Marketing and Brand Positioning

Brand positioning and marketing strategies also influence pricing decisions. By associating their products with attributes like luxury, performance, or exclusivity, manufacturers can justify higher price points, regardless of the actual production costs.

Seeking Solutions in an Evolving Landscape

Government Intervention

Policy interventions aimed at addressing supply chain disruptions, promoting domestic manufacturing, and providing incentives for electric and hybrid vehicles could help alleviate some of the pressures contributing to the price surge.

Industry Collaboration

Collaborative efforts within the automotive industry, including shared research and development initiatives, standardized manufacturing processes, and collective bargaining with suppliers, could lead to cost efficiencies that can be passed on to consumers.

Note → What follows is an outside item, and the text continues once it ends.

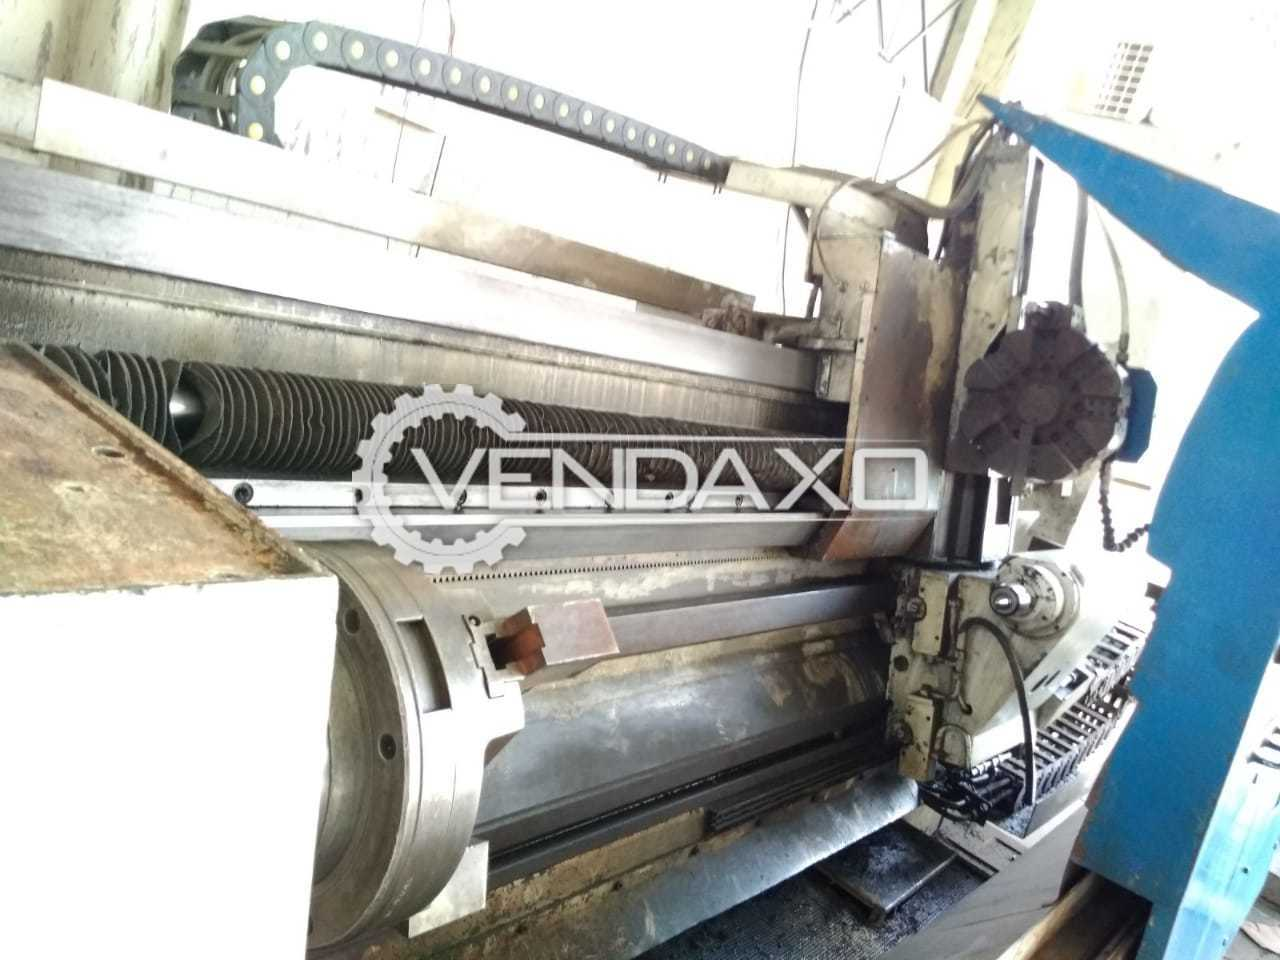 WMW CNC Lathe Machine - 2 Meter x 600 mm
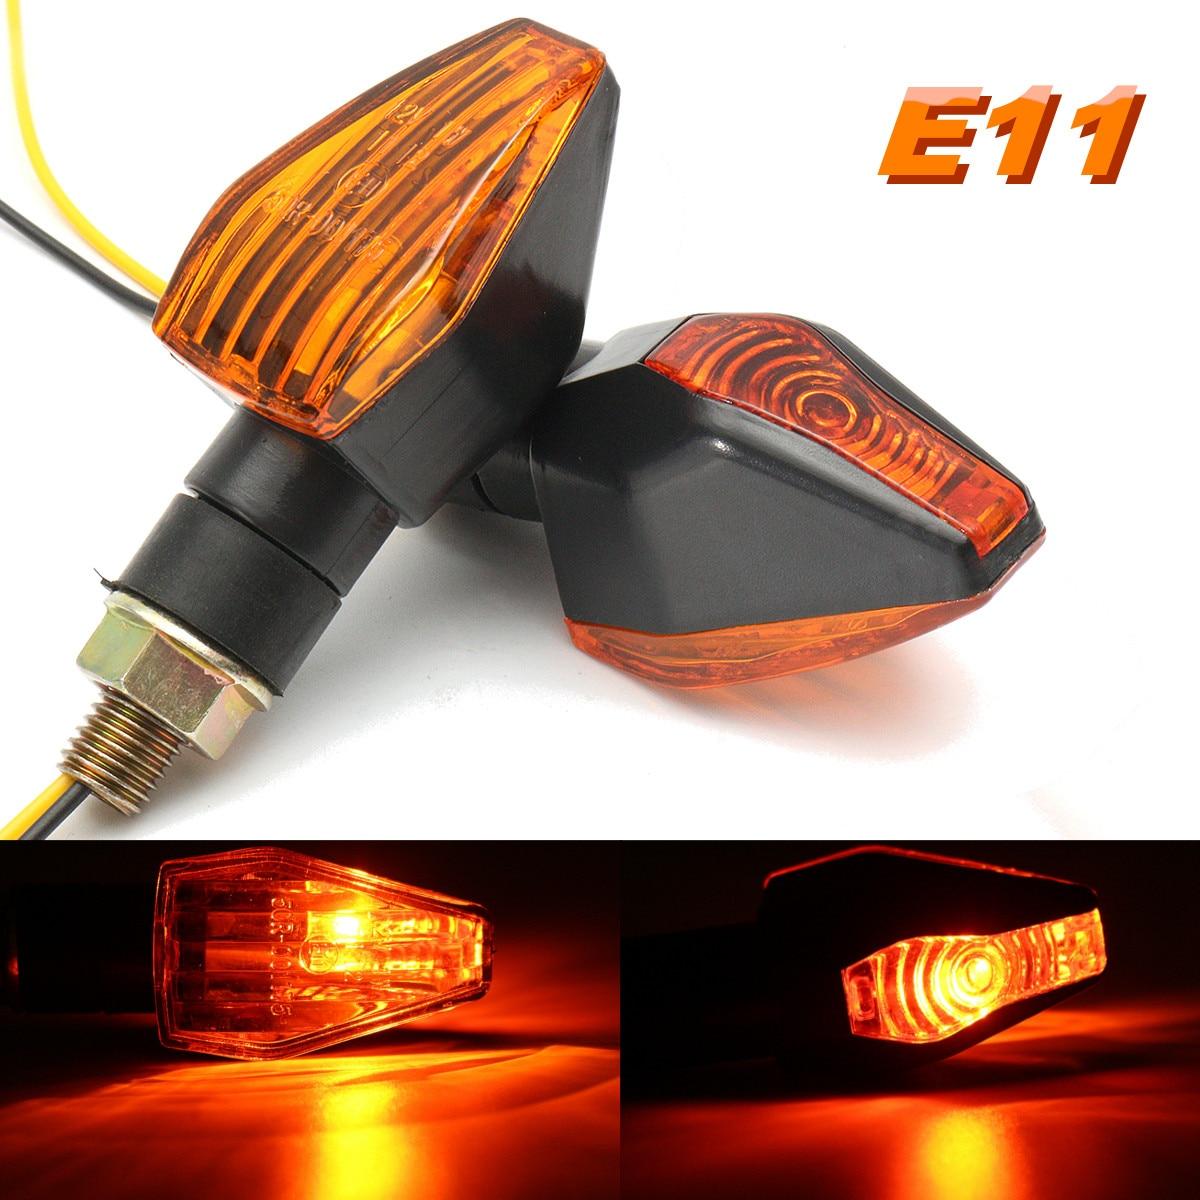 2pcs 12V Universal Motorcycle Blinker Turn Signal Indicator Light Bulb E-Marked2pcs 12V Universal Motorcycle Blinker Turn Signal Indicator Light Bulb E-Marked

Consumer Awareness and Advocacy

Empowering consumers with information about alternative transportation options, including public transit, cycling, and carpooling, can help mitigate the impact of rising car prices while promoting sustainable mobility solutions.

In conclusion, the disappearance of cars priced under Rs 5 lakh is a multifaceted issue driven by a combination of internal and external factors. While rising input costs, supply chain disruptions, and regulatory pressures pose significant challenges, the decisions made by automakers and dealers also play a crucial role in shaping market dynamics. Addressing this issue will require concerted efforts from stakeholders across the board, including government authorities, industry players, and informed consumers.